I drive myself nuts with worry
Five years ago I had a plain sailing pregnancy, it was completely text book. Last year I had 2 MCs and now I am 15 weeks pregnant. I am still unable to completely relax as I feel I can't afford to count my chickens. I am having reassurance scans every 2 weeks, which although is fantastic, I worry everytime that they will say the baby has died. I can't wait for when I start to feel movement, but then again I will be freaking out if I don't feel it every day.
I think it's just natural. We can't afford to take life for granted.
This is my first pg and I'm 29 weeks. But being aged 40 means I've been constantly worried the whole way through. Although this is my first pg, I've seen many of my friends go through MC and even stillbirth, so just can't relax myself. I've haven't even bought a thing yet... still feeling it's too soon... Don't think I'll ever believe it'll all be ok until baby is in my arms. But, I guess it doesn't even stop there, and becomes part of being a parent to worry about your kids.
Just think about all the other mums who have gone on to have 2 (and more) successful pregnancies... why wouldn't you be one of them?
Sorry, not much in the way of advice (I think Millie had some great advice) but just trying to say that many of us feel the way you do, and I hope that brings you comfort and reassurance. It's part of being pg, I guess.
Good luck, and hope you manage to relax at some points ... aim for those milestones... x
I keep re Reading the op's from you all... Making me feel much better.
Thank you so much x
This is the 1st posting for me on the P******y bourd.
I cant even type the word such is my anxiety.
Im 6 weeks, this is my 7th pregancy, i have had 5 miscarriages.
Like you, i am very negative, very very anxious and presuming that this too will end badly.
Im just waiting everyday for the bleeing & the pain to begin.

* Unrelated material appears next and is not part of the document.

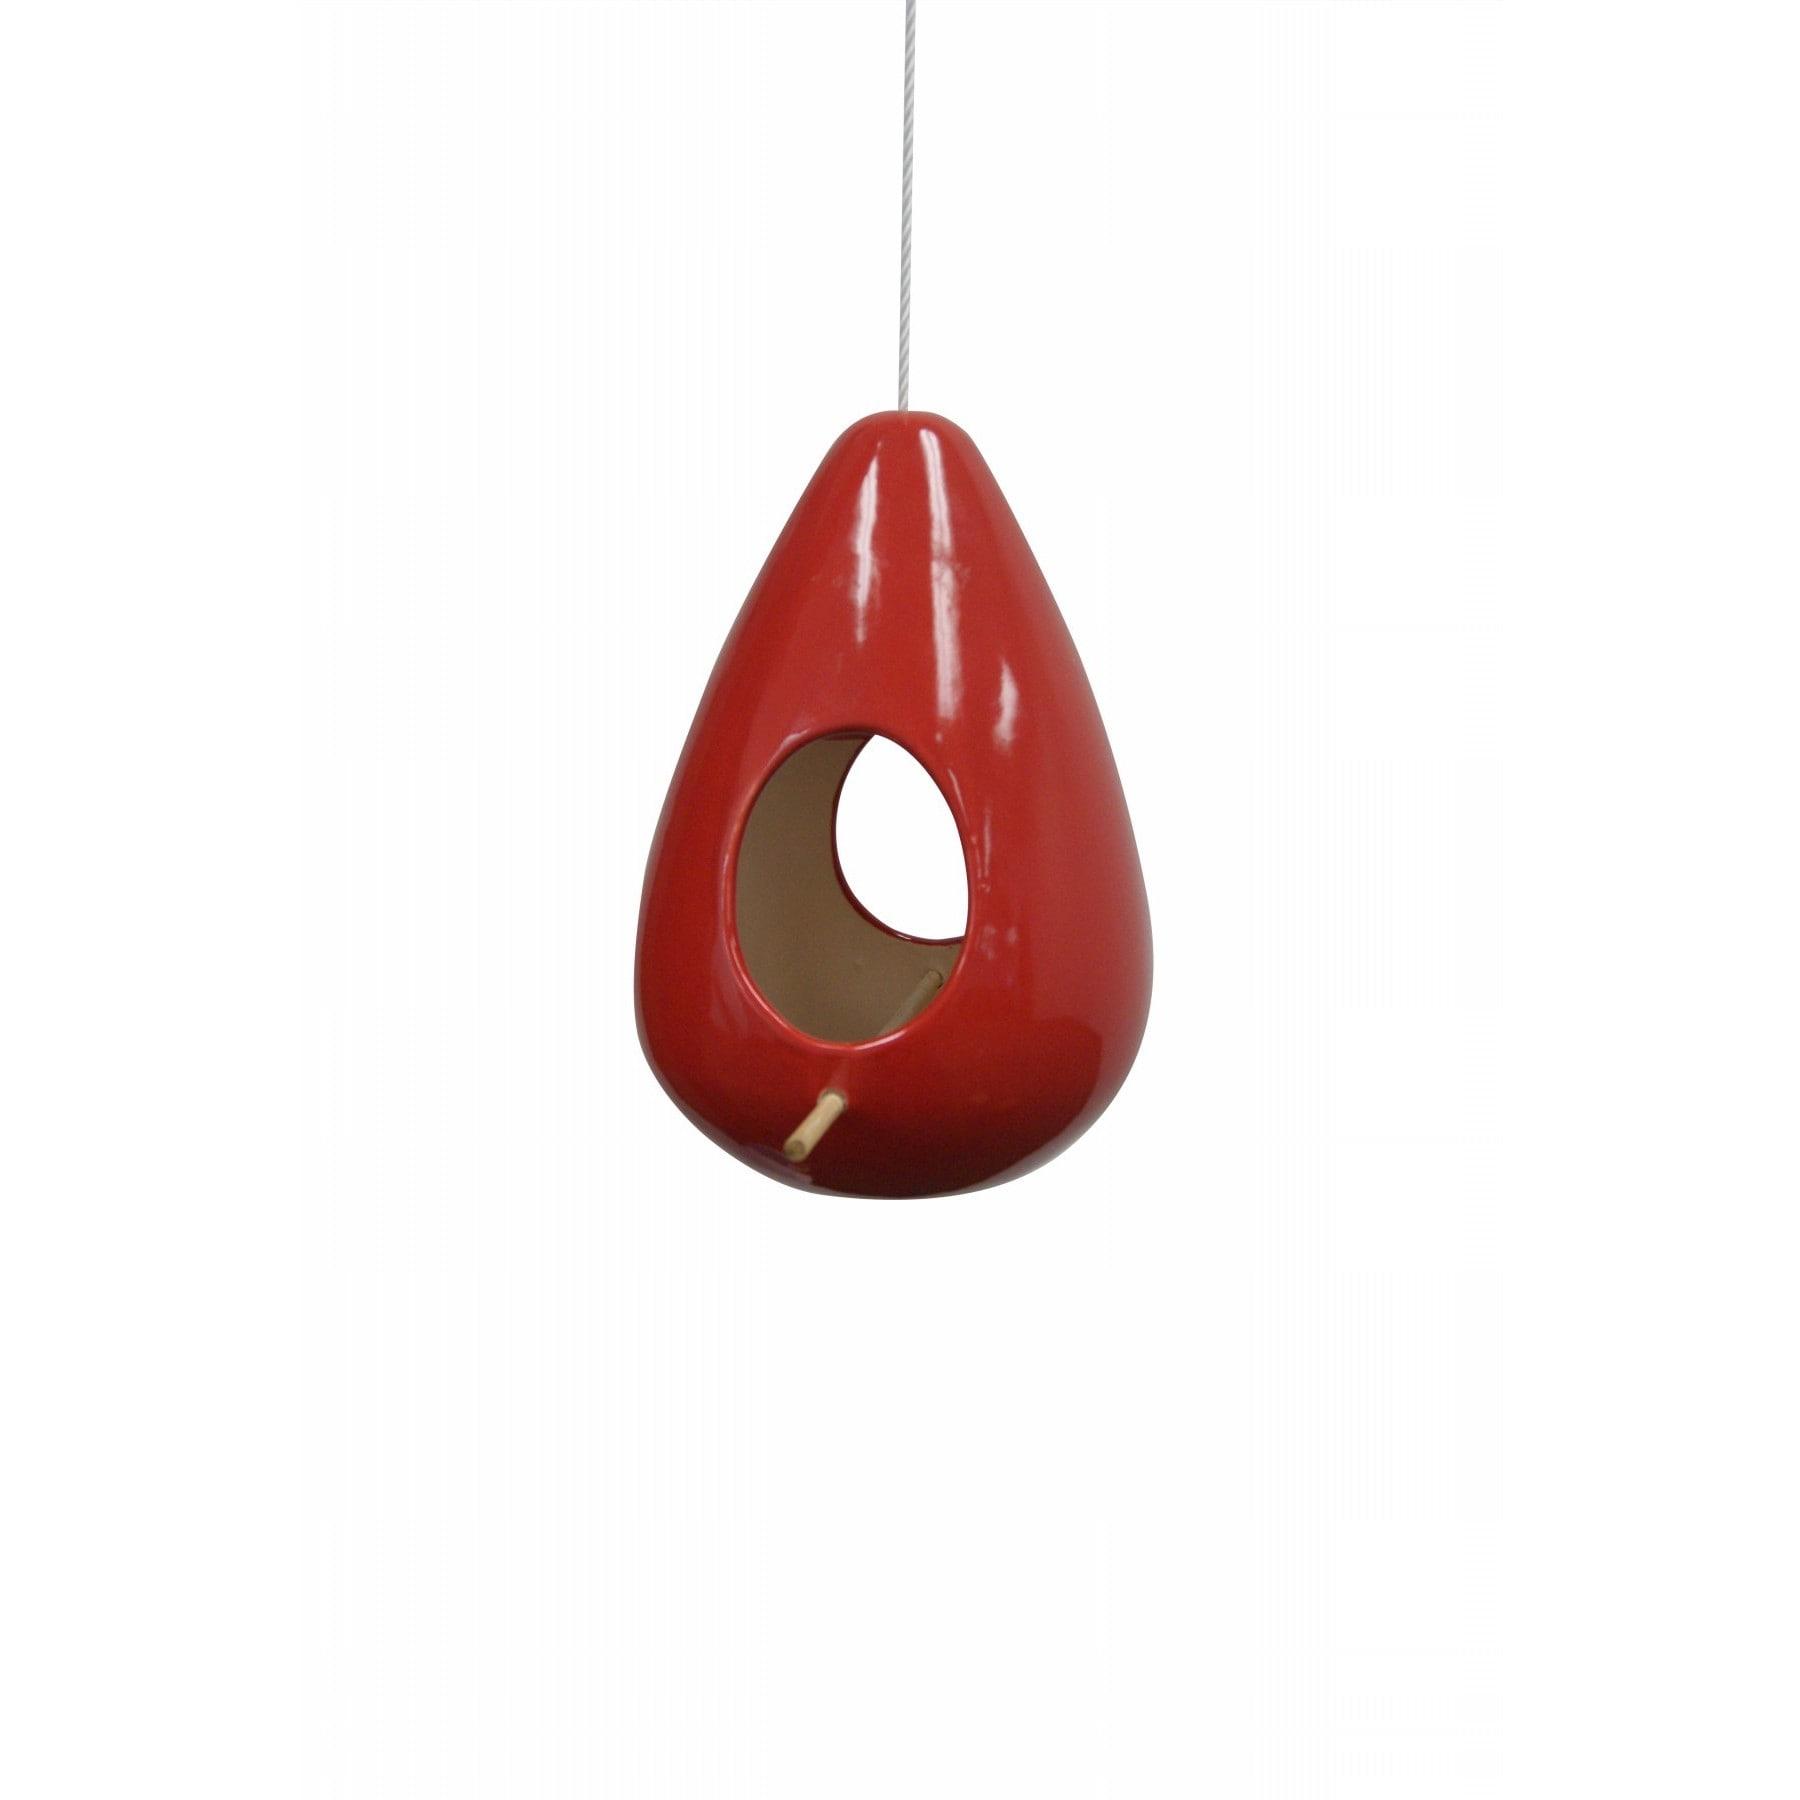 Alpine 10-inch Hanging Red Teardrop Shape Birdhouse (Red)...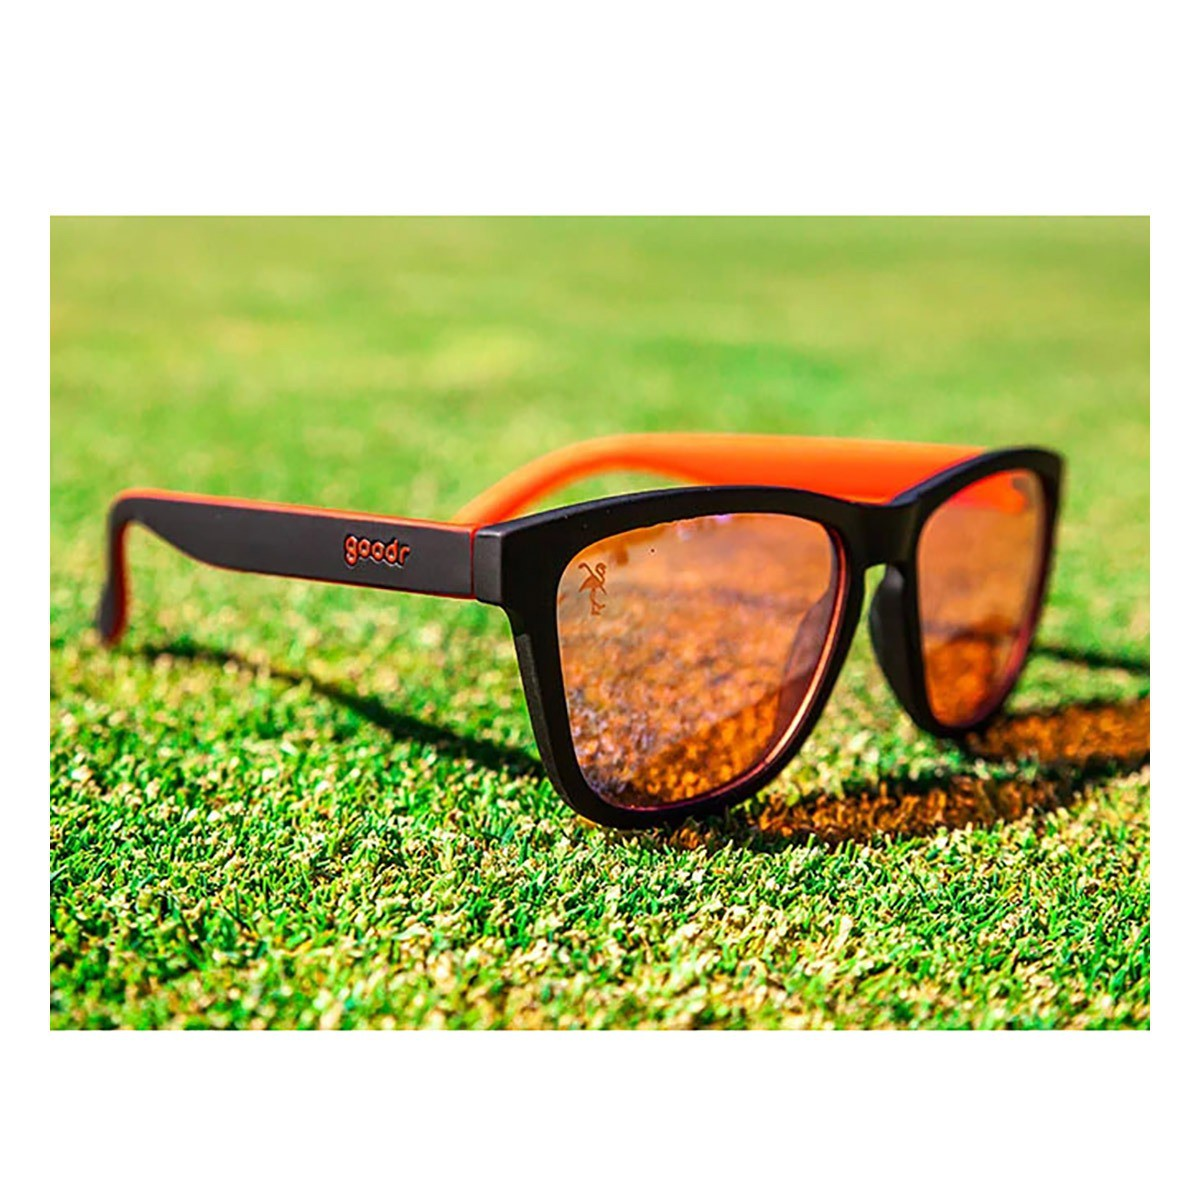 Oculos de Sol Goodr -   Tiger Blood Transfusion

So far no bleeding, so far no pain
I know what what you mean about everyone else not even considering mc as a possibility, they all just take it for granted that their pregnancy will be fine.
i hold out no hope, never do, so anything else, is a bonus.
you're amazing to keep trying after 5. I've only had 1 but the emotional pain is so bad I considered not trying again.
I think it's the fear of feeling worse than I ever have in my life that makes me want to give up... But the drive to have a baby is slightly more of a pull if that makes sense.
It must be nice to have a happy, stressless pregnancy. I take some relief in thinking if this PG sticks, I will have 2 DC and I won't have to go through this hell again!